Ведь афоризмы или складные речи в рифму картузника Бубнова
(«Такое житье, что, как поутру встал, так и за вытье»,
«Люди все живут… как щепки по реке плывут»
и т. п.) отличаются от не менее фигурных речей того
же Луки («Есть люди, а есть иные
и человеки»; «Во что веришь, то и есть»).
И тем более отличаются они от громокипящих слов
Сатина: последние связаны с культом человека-творца,
с важной для Горького идеей центрального места в мире
необыкновенного, «космократического» человека.
Всмотритесь
внимательно в сборный пункт сирот, горемык, маргиналов
(людей с обочины жизни), собранных на тесную площадку
подвала-пещеры в первом акте. Или в «пустырь»

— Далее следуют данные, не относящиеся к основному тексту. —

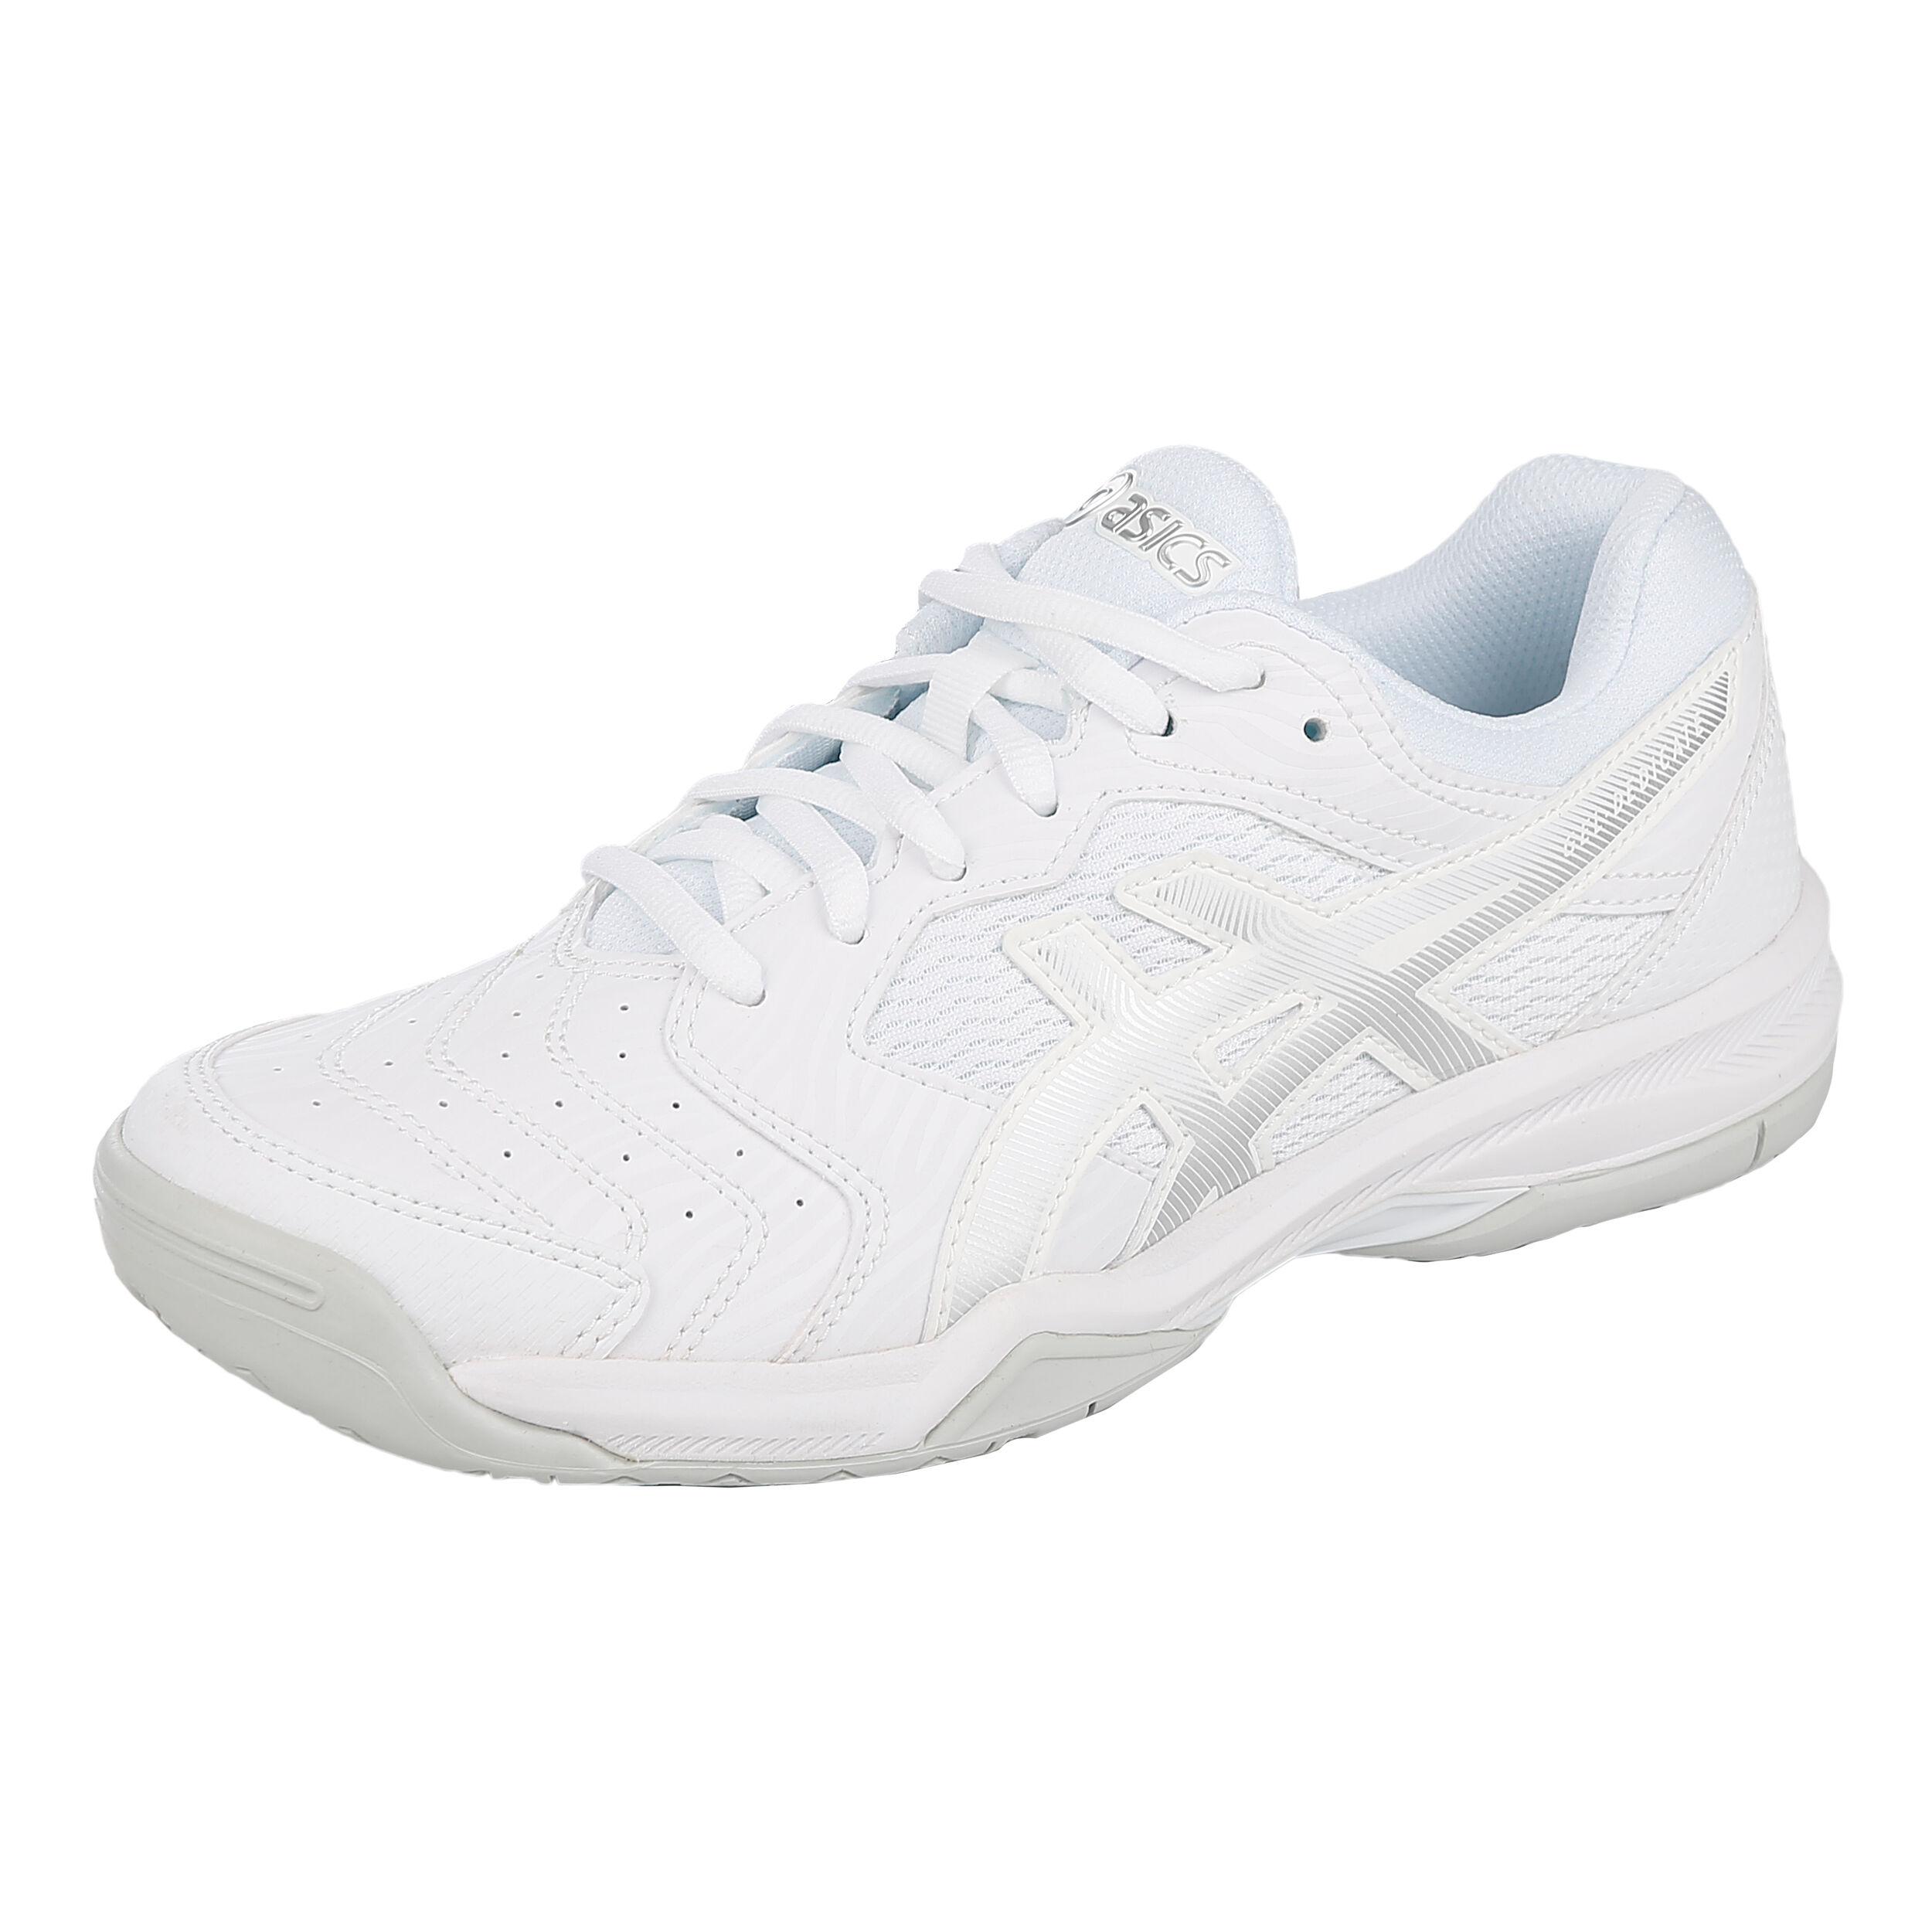 Asics Gel Dedicate 6 Allcourt sko Damer Hvid, Sølv køb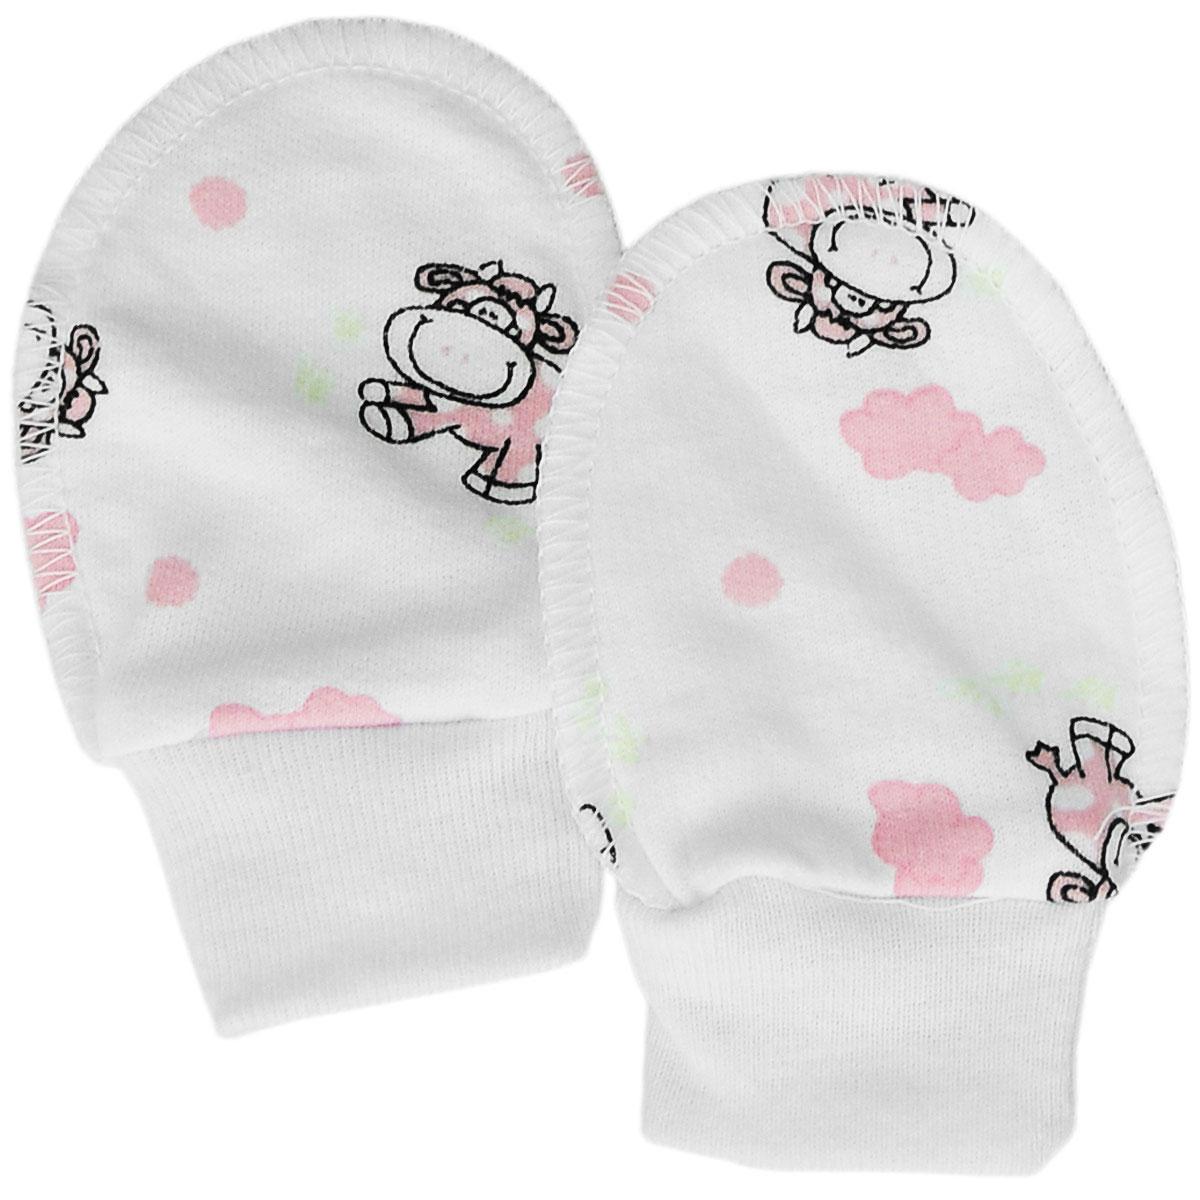 Рукавички для новорожденного Трон-Плюс, цвет: белый, розовый, рисунок коровы. 5907. Размер 62, 3 месяца5907Теплые рукавички для новорожденного Трон-плюс обеспечат вашему младенцу комфорт во время сна и бодрствования, предохраняя его нежную кожу от расцарапывания. Широкие эластичные манжеты не будут пережимать ручку. Изготовленные из натурального хлопка, они необычайно мягкие и легкие, не раздражают нежную кожу ребенка и хорошо вентилируются, а эластичные швы, выполненную наружу, обеспечивают максимальный комфорт ребенку и не препятствуют его движениям.Рукавички сделают сон вашего малыша спокойным и безопасным.

«засоренное разным хламом и заросшее бурьяном дворовое
место» в акте третьем. Вы сделаете
любопытное открытие: эта площадка, в сущности, разбита
на ячейки, на микропространства, норы, в которых
раздельно и даже отчужденно живут «бывшие» люди,
лишенные дела, прошлого, живут со своей бедой, даже близкой
к трагедии. Вот комната за тонкой перегородкой,
в которой живет вор Васька Пепел, продающий ворованное
хозяину ночлежки Костылеву, бывший любовник его жены Василисы,
мечтающий уйти отсюда с Натальей, сестрой хозяйки. Треугольник
Пепел Василиса Наталья имеет в пьесе
самостоятельное значение. Но при всем драматизме
борьбы в рамках его Василиса подстрекает
Пепла на расправу с мужем, лукаво обещает одарить
его деньгами для многих других обитателей
ночлежки исход этой борьбы не столь важен.
Своя
драма несчастно прожитая жизнь, умирание в подвале
связывает Анну и слесаря Клеща, может быть, винящего себя
за жестокость к жене. Драмой в драме являются
и взаимоотношения торговки Квашни и полицейского Абрама Медведева,
постоянные «передразнивания» друг друга проститутки
Насти, мечтавшей о роковом Гастоне или Рауле, и Барона,
вспоминающего знатного деда. Барон, правда, говорит «мерзавке»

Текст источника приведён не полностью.